Visible to Intel only — GUID: GUID-65BF513D-66DC-408D-897E-704027C24083
Visible to Intel only — GUID: GUID-65BF513D-66DC-408D-897E-704027C24083
DPCT1117
Message
There is atomicInc/Dec operation on <argument 2> and value of <argument 2> was scaled by migration for performance, refer to DPCT1116. Using the value of <argument 2> through <argument 1> should also be scaled by dividing or multiplying <expression>. You may need to adjust the code.
Detailed Help
An optimized method has been applied to migrate atomicInc/atomicDec. To align with this optimized method, some scaling adjustments are required to ensure that values remain consistent and accurate after migration.

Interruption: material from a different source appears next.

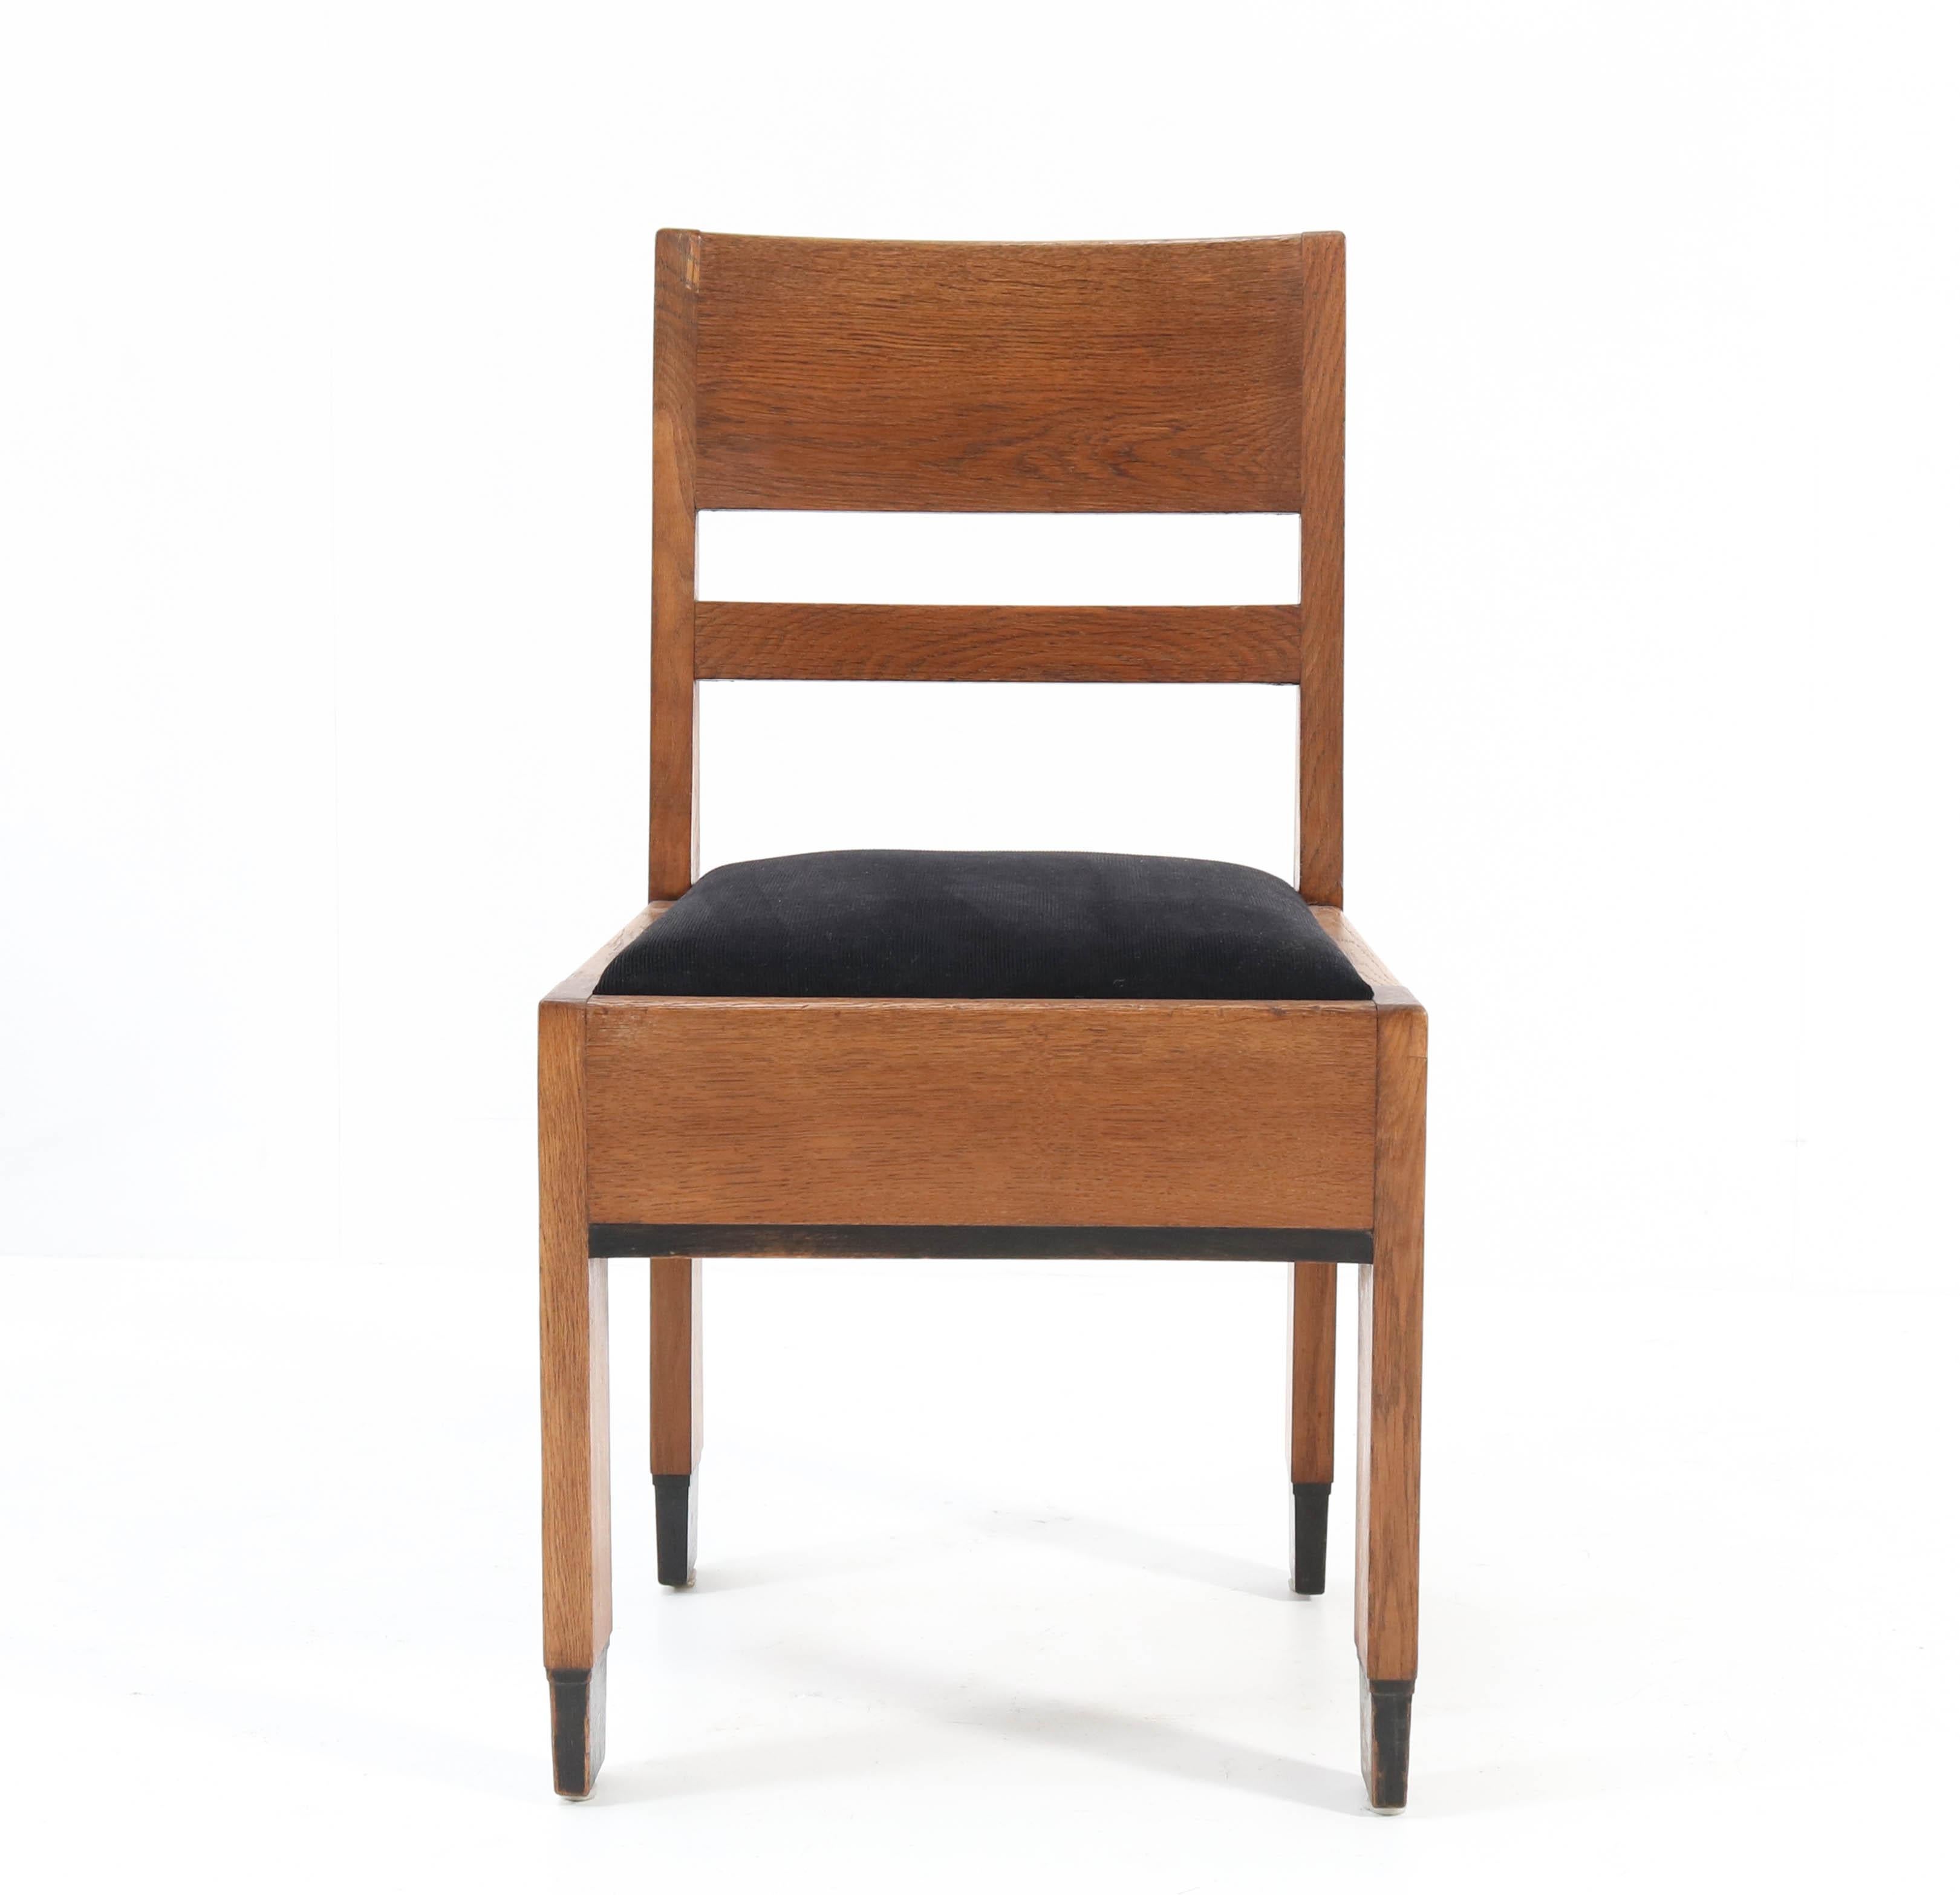 Eight Oak Art Deco Haagse School Chairs by H. Fels for L.O.V. Oosterbeek, 1924 6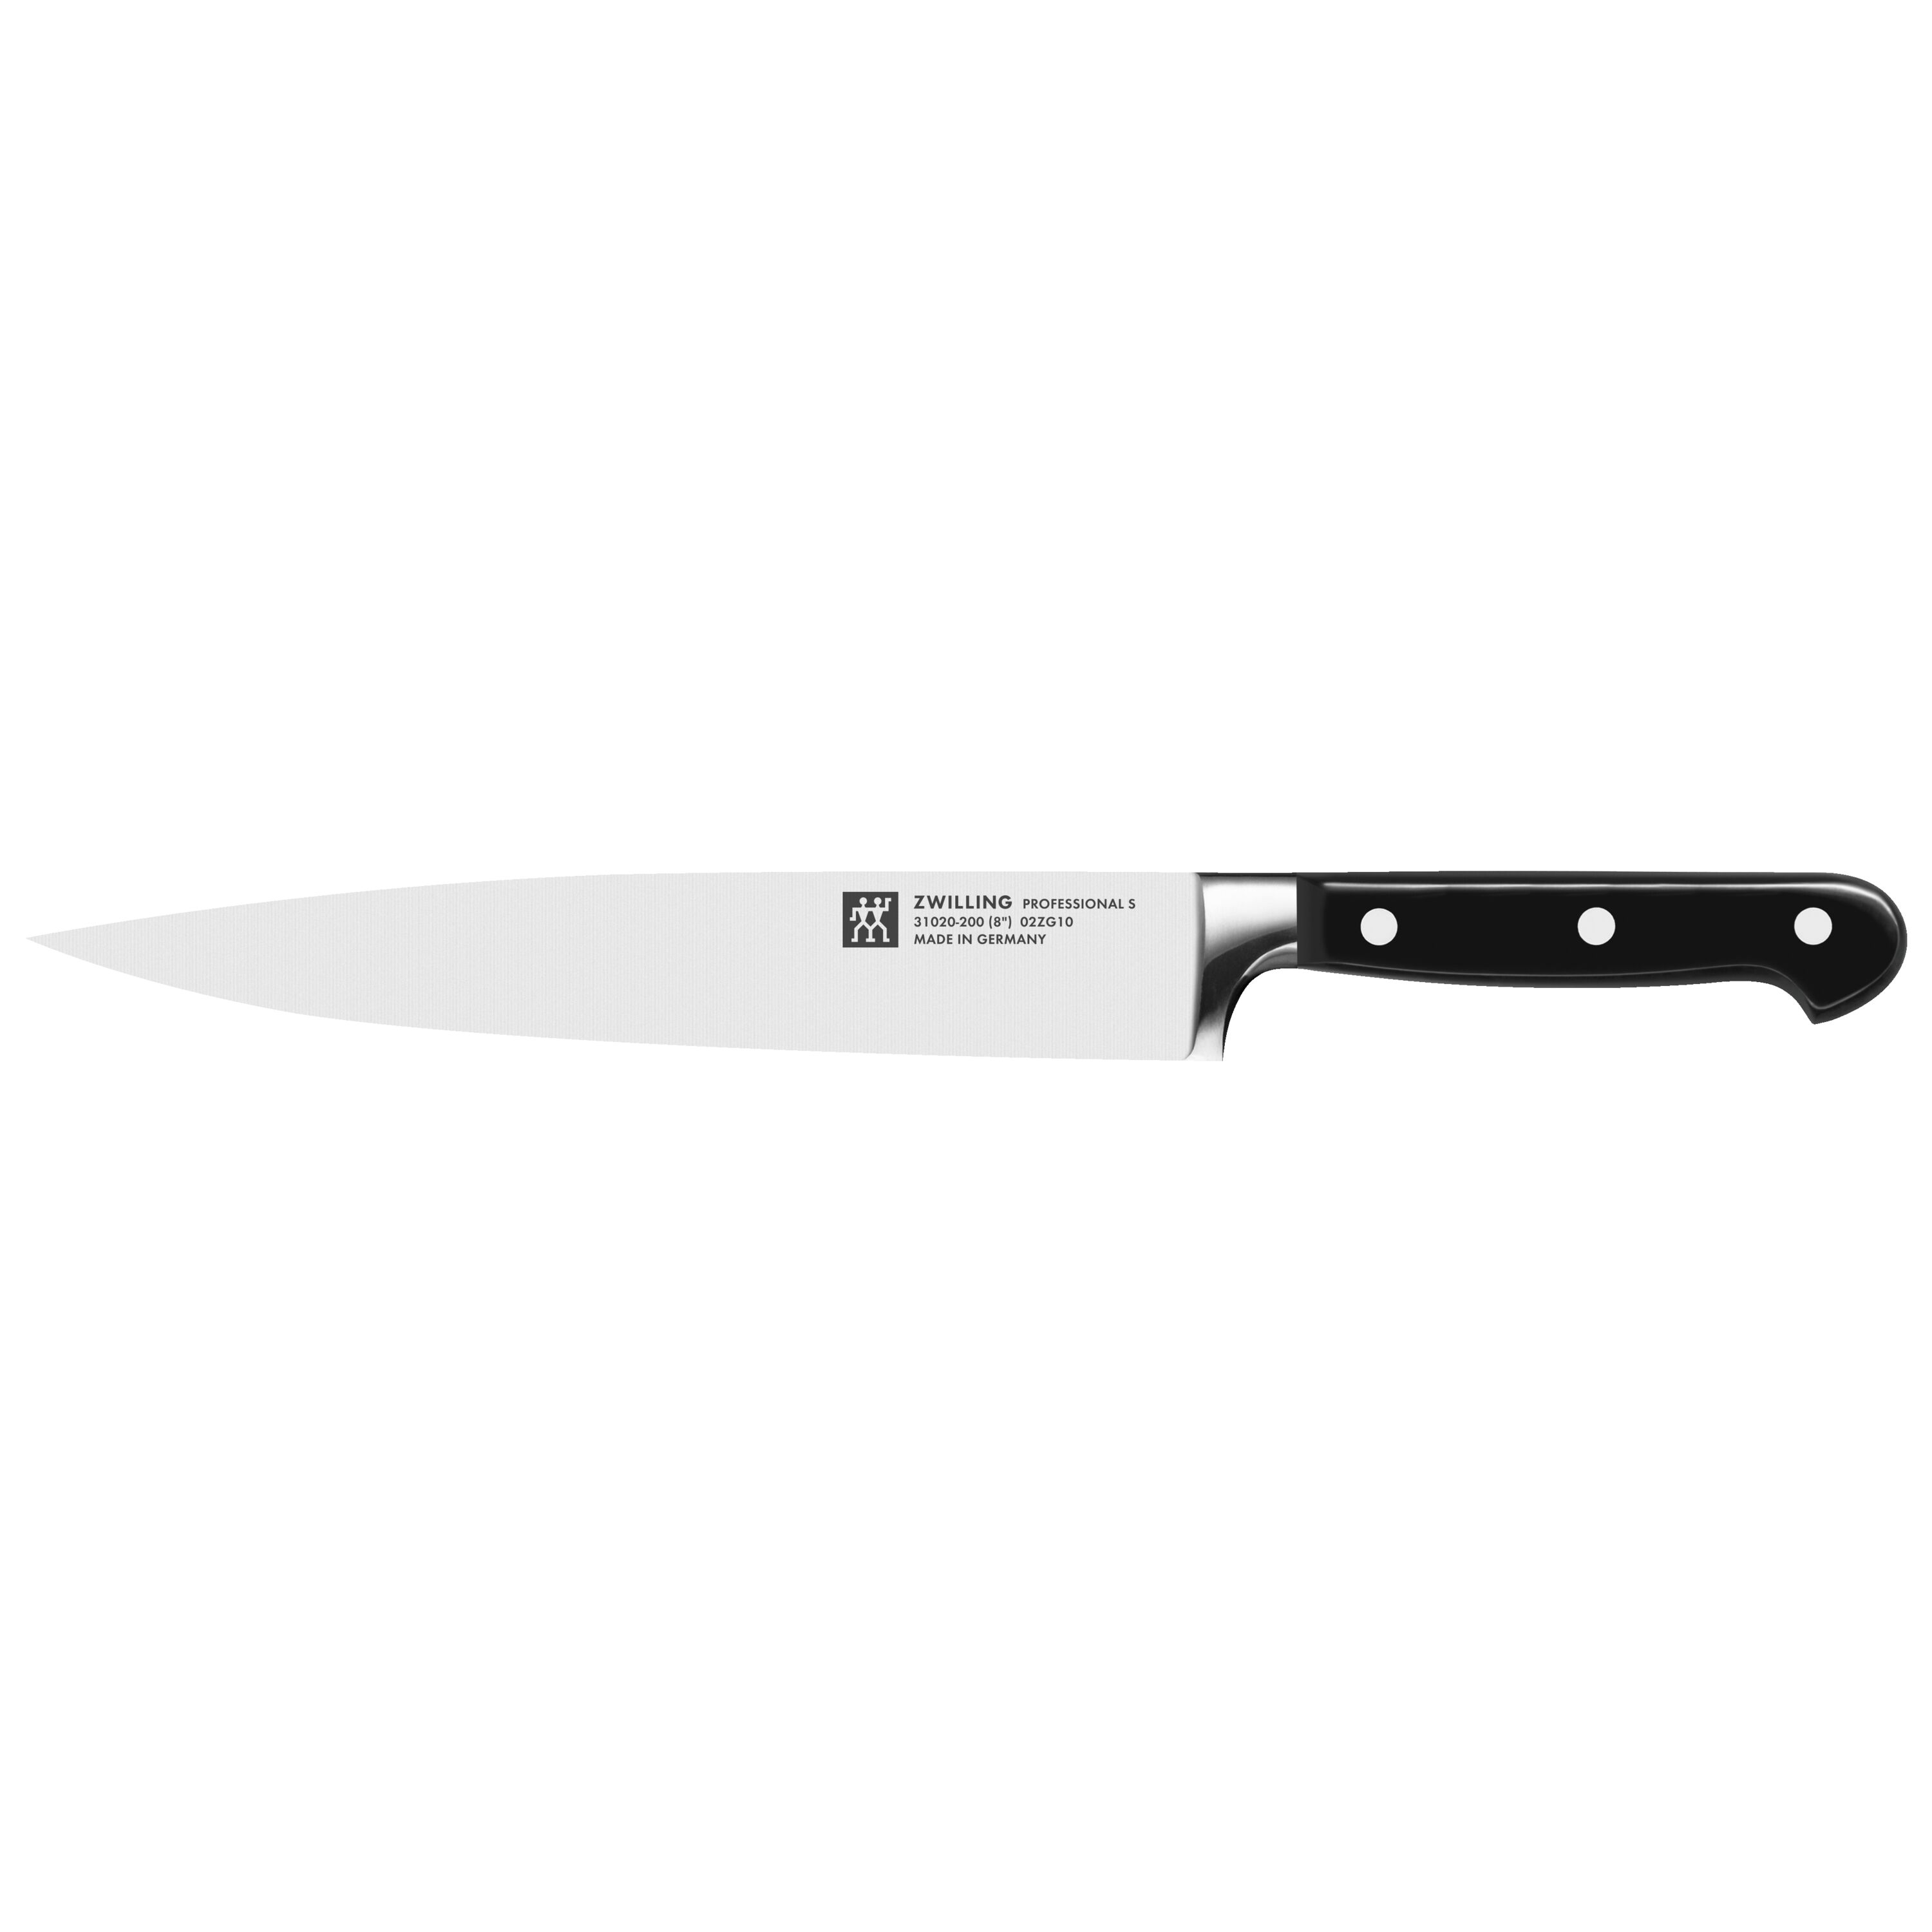 Buy ZWILLING Professional S Carving knife

Refer to DPCT1116 for more details.
When the code utilizes the address of an atomic variable, all the assignments of value or reference of value operation through the atomic variable address also need to be scaled by multiplying or dividing a step. Atomic variables also need to be scaled appropriately for all host-side memory operations.
Suggestions to Fix
For example, this original CUDA* code:
__device__ unsigned int a1;
__global__ void kernel(){
...
unsigned int old_val = atomicInc(&a1, 0x7fffffff);
...
}
int main(){
unsigned int result;
unsigned int *d_addr;
cudaGetSymbolAddress((void **)&d_addr, a1);
cudaMemset(d_addr, 2, sizeof(unsigned int));
kernel<<<1, 100>>>();
...
cudaMemcpy(&result, d_addr, sizeof(unsigned int), cudaMemcpyDeviceToHost);
...
}
results in the following migrated SYCL* code:
dpct::global_memory<unsigned int, 0> a1;
void kernel(unsigned int &a1){
...
/*
DPCT1116:0: The atomicInc was migrated to dpct::atomic_fetch_add(&a1, 2) / 2 for performance, and 2 is computed by (UINT_MAX + 1) / (‘0x7fffffff’ + 1). This migration requires the initial value of ‘a1’ to be scaled by multiplying 2, and any usage of value of ‘a1’ outside atomic function to be scaled by dividing 2.
*/
unsigned int old_val = dpct::atomic_fetch_add<sycl::access::address_space::generic_space>(&a1, 2) / 2;
...
}
int main(){
dpct::device_ext &dev_ct1 = dpct::get_current_device();
sycl::queue &q_ct1 = dev_ct1.default_queue();
unsigned int result;
unsigned int *d_addr;
/*
DPCT1117:3: There is atomicInc/Dec operation on 'a1' and value of 'a1' was scaled by migration for performance, refer to DPCT1116. Using value of 'a1' through 'd_addr' should also be scaled by dividing or multiplying 2. You may need to adjust the code.
*/
*((void **)&d_addr) = a1.get_ptr();
q_ct1.memset(d_addr, 2, sizeof(unsigned int)).wait();
q_ct1.submit(
[&](sycl::handler &cgh) {
a1.init();
auto a1_ptr_ct1 = a1.get_ptr();
cgh.parallel_for(
sycl::nd_range<3>(sycl::range<3>(1, 1, 100), sycl::range<3>(1, 1, 100)),
[=](sycl::nd_item<3> item_ct1) {
kernel1(*a1_ptr_ct1);
});
});
...
q_ct1.memcpy(&result, d_addr, sizeof(unsigned int)).wait();
...
}
which is rewritten to:
dpct::global_memory<unsigned int, 0> a1;
void kernel(unsigned int &a1){
...
unsigned int old_val = dpct::atomic_fetch_add<sycl::access::address_space::generic_space>(&a1, 2) / 2;
...
}
int main(){
dpct::device_ext &dev_ct1 = dpct::get_current_device();
sycl::queue &q_ct1 = dev_ct1.default_queue();
unsigned int result;
unsigned int *d_addr;
*((void **)&d_addr) = a1.get_ptr();
q_ct1.memset(d_addr, 2 * 2, sizeof(unsigned int)).wait();
q_ct1.submit(
[&](sycl::handler &cgh) {
a1.init();
auto a1_ptr_ct1 = a1.get_ptr();
cgh.parallel_for(
sycl::nd_range<3>(sycl::range<3>(1, 1, 100), sycl::range<3>(1, 1, 100)),
[=](sycl::nd_item<3> item_ct1) {
kernel1(*a1_ptr_ct1);
});
});
...
q_ct1.memcpy(&result, d_addr, sizeof(unsigned int)).wait();
result = result / 2;
...
}